Customer self-service is a critical element for a seamless customer experience. This mixed methods research revealed the qualitative and quantitative properties necessary for the successful design of Yarra Valley Water’s new self-service portal, My Account.


  • CHALLENGE
  • SOLUTION
  • IMPACT
  • MORE
  • Our existing customer self-service portal has approximately 27, 000 registered customers. An efficient and easy to use digital self-service is a critical component of customers' digital experience with us for supporting completion of personalised self-service account management. However, a usability evaluation revealed that our customer self-service portal was under-performing and not meeting customer expectations or needs. It revealed a customer experience where at least one in four people were unable to complete basic tasks using self-service. The business sought a re-design of the portal that would both uplift usability and increase uptake of self-service.

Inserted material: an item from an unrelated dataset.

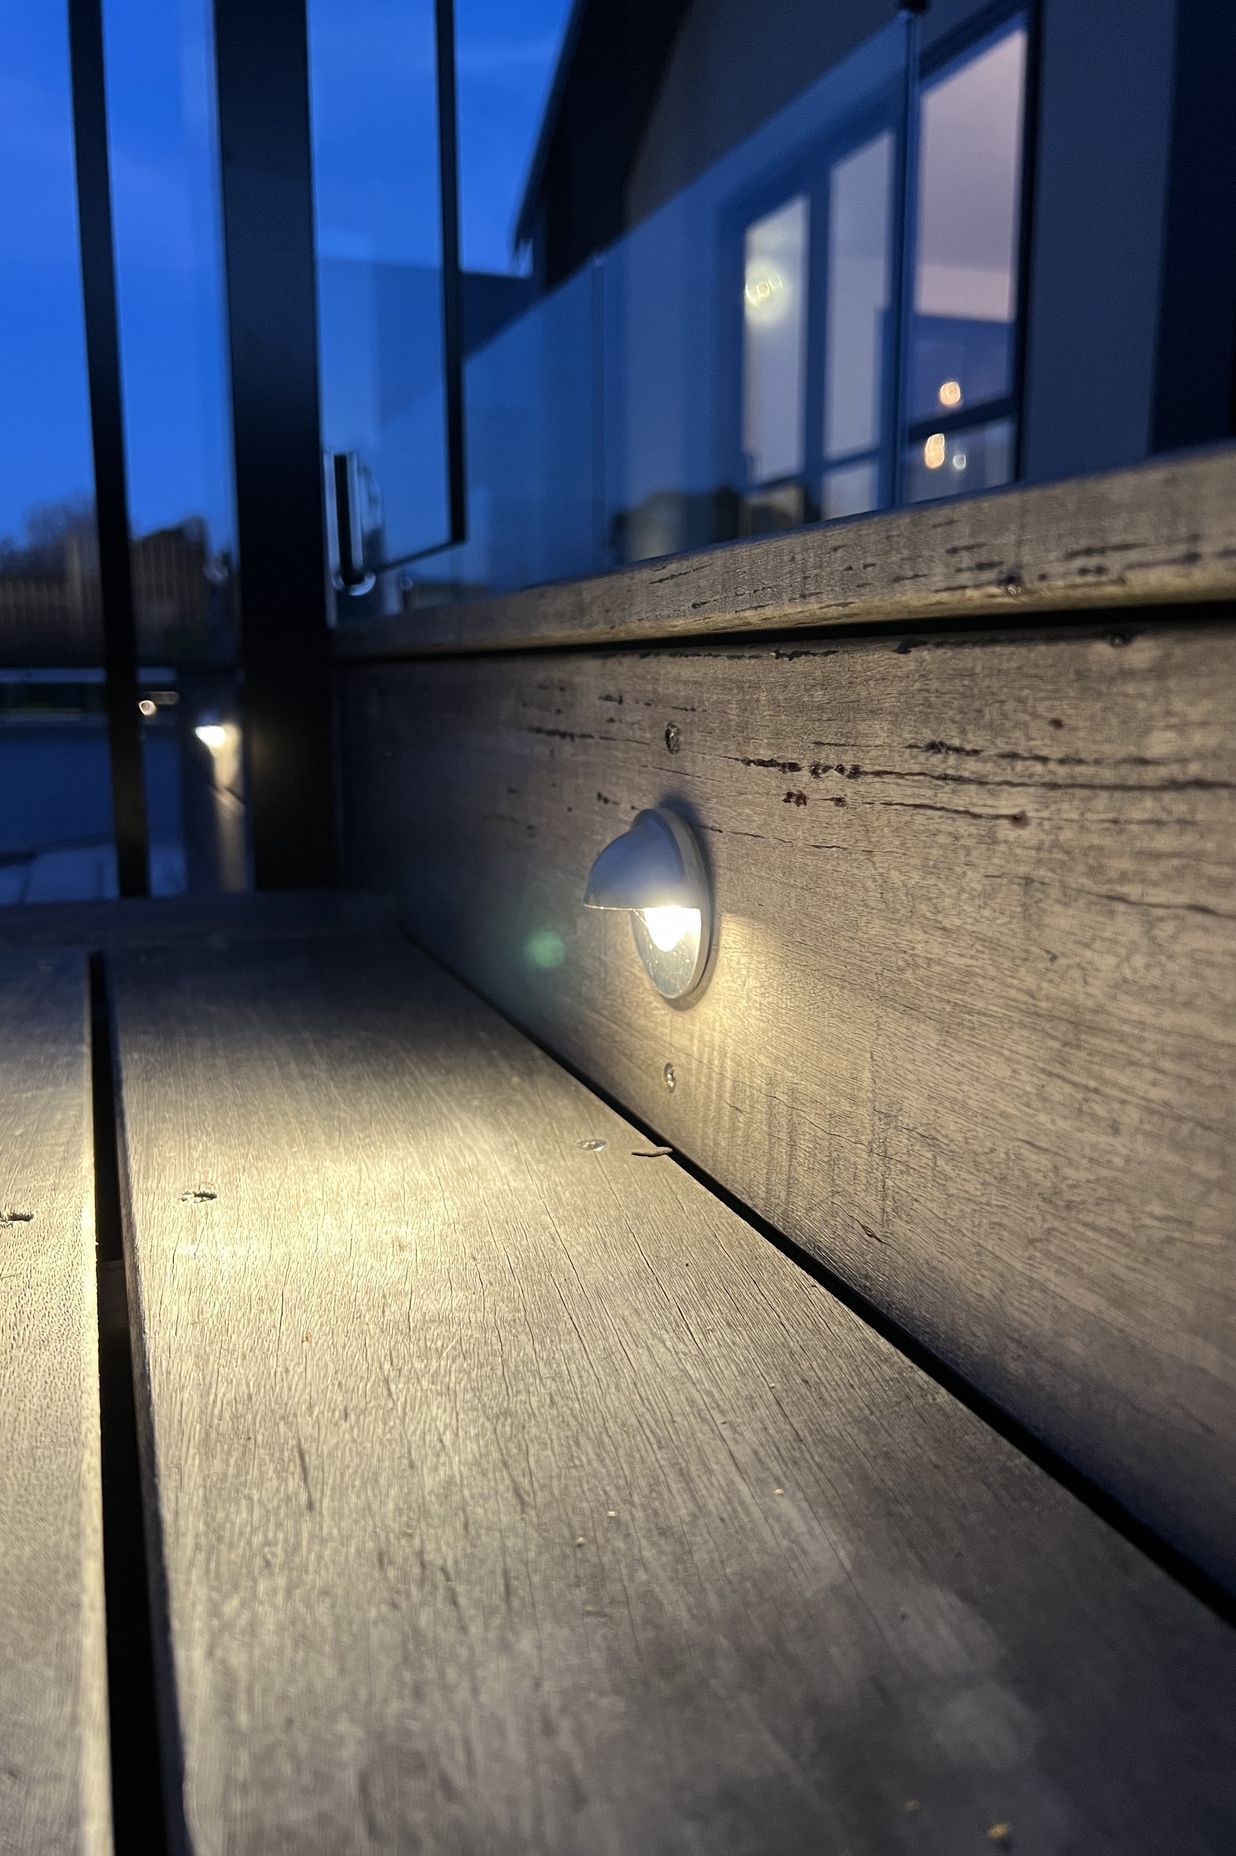 Subtle lighting can help wayfinding outdoors.

  • The research was planned to deliver three outcomes: evaluate usability, determine the drivers of value for customers, and test the usability of the new self-service experience. To fulfill this, nine research methods were applied. Rather than collect and analyse data in stages, one method at a time, our approach was to have all methods in field concurrently so that emergent findings could be adopted into design iterations. The result is an evidence-based, customer validated design that is now being built for customers.

  • Once released, the re-designed digital self-service portal will enable more customers to complete more tasks via self-service, especially those related to account management and inquiries related to water use. This has operational benefits for reducing calls to the contact centre, for improving overall customer satisfaction, and for supporting delivering a seamless omni-channel service experience.

  • Customers expect digital experiences to behave in similar ways. Base-lining the usability of our existing customer self-service portal revealed its under-performance for addressing standard usability principles. The usability evaluation showed a portal that was outmoded and lagging other digital self-service that customers interact with. Our research remit was two-fold: inform UX uplift and determine the value drivers that will deliver greater benefit to customers. Our evaluation of current state usability plus the usability testing during re-design, provided insights for achieving UX uplift commensurate with current best practice. The self-service user archetypes, customer value proposition and jobs-to-be-done hierarchy provided previously unknown insight into customers unmet needs and desires. These were critical for directing our design solution to evolve digital self-service for our customers beyond just a straight-forward UX uplift.